In 1890, he helped organize the Comité des Citoyens (Citizens Committee) to offer legal resistance to the Separate Car Law of Louisiana. The Separate Car Law was passed by the Louisiana Legislature, requiring blacks and whites ride in separate coaches on all public transportation in the state. Martinet publicly denounced the Separate Car Law in the Daily Crusader and quickly mobilized African-American attorneys to combat the law. He was a key strategist in orchestrating Homer Adolph Plessy’s arrest for violating the Separate Car Act, an act that resulted in the landmark 1896 United States Supreme Court decision, Plessy vs. Ferguson, which established separate but equal as the law of the land. Because Martinet was not admitted to practice before the United States Supreme Court, he selected S.F. Phillips and A.W. Tourgee to serve as attorneys of record.
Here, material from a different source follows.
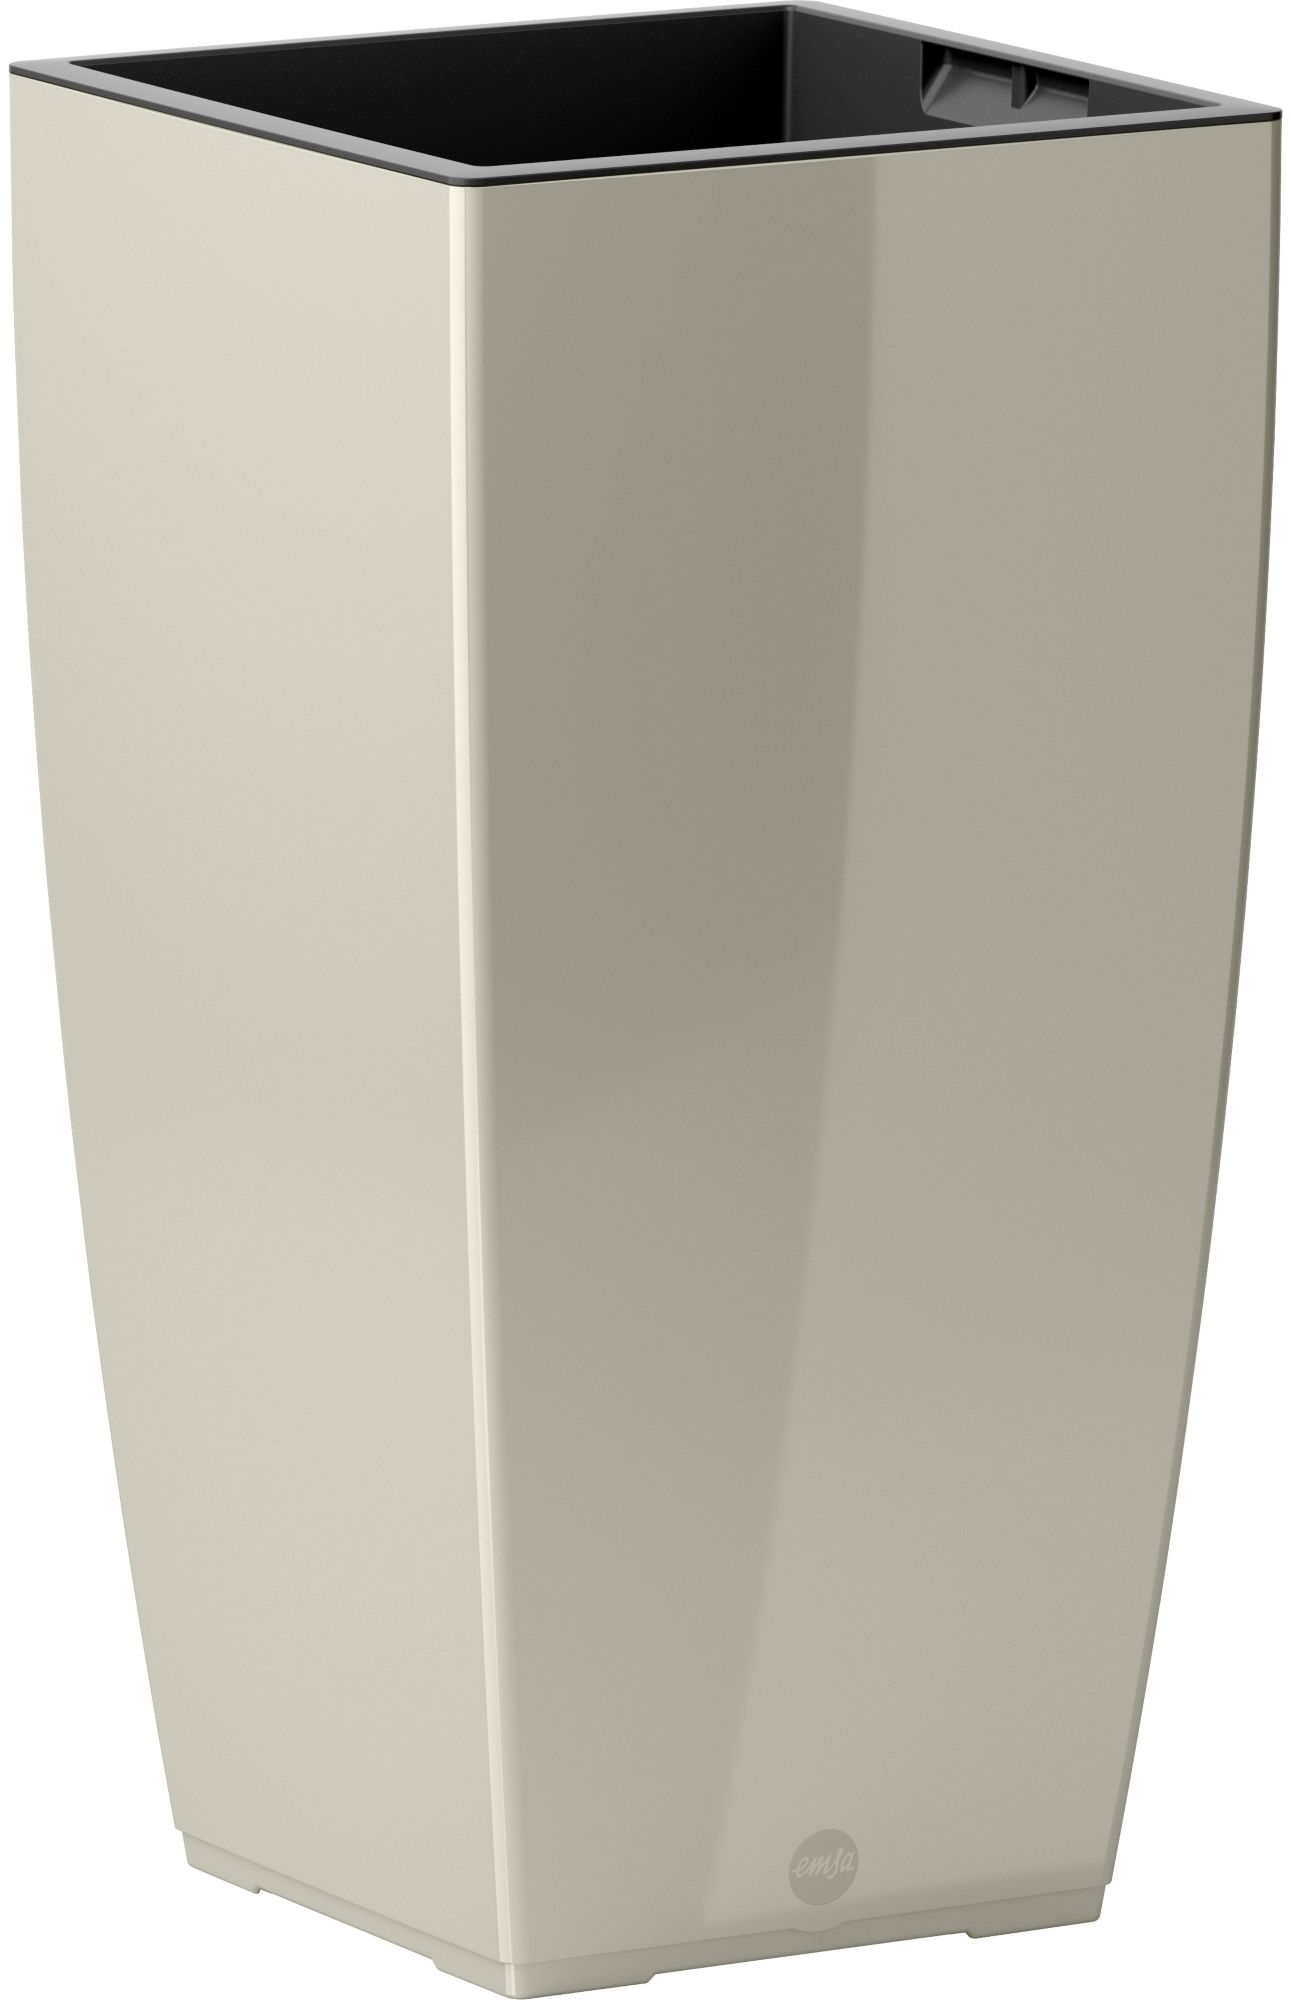 EMSA Blumenkasten »CASA Brilliant Säule«, BxTxH: 30x30x57 cm, grau

When the New Orleans Times Picayune announced the founding of the Louis A. Martinet Legal Society on May 13, 1957, Brown v. Board of Topeka was still fresh in the American consciousness and the promises of an end to racial segregation were more tangible to the Society’s pioneering founders. A. P. Tureaud was elected president of the statewide and the local New Orleans Chapter. Other state officers included Earl J. Amedee, Financial Secretary; Vanue B. Lacour (Baton Rouge), Corresponding secretary; and J. T. Powell (Shreveport), Treasurer. The local officers included Amedee, Secretary, and Benjamin J. Johnson, Treasurer.

Martinet’s objectives were to encourage interchange of ideas, promote legal scholarship, advance the science of jurisprudence, promote the administration of justice, uphold the order and ethics of the courts and the profession of law and promote the welfare of the legal profession in Louisiana.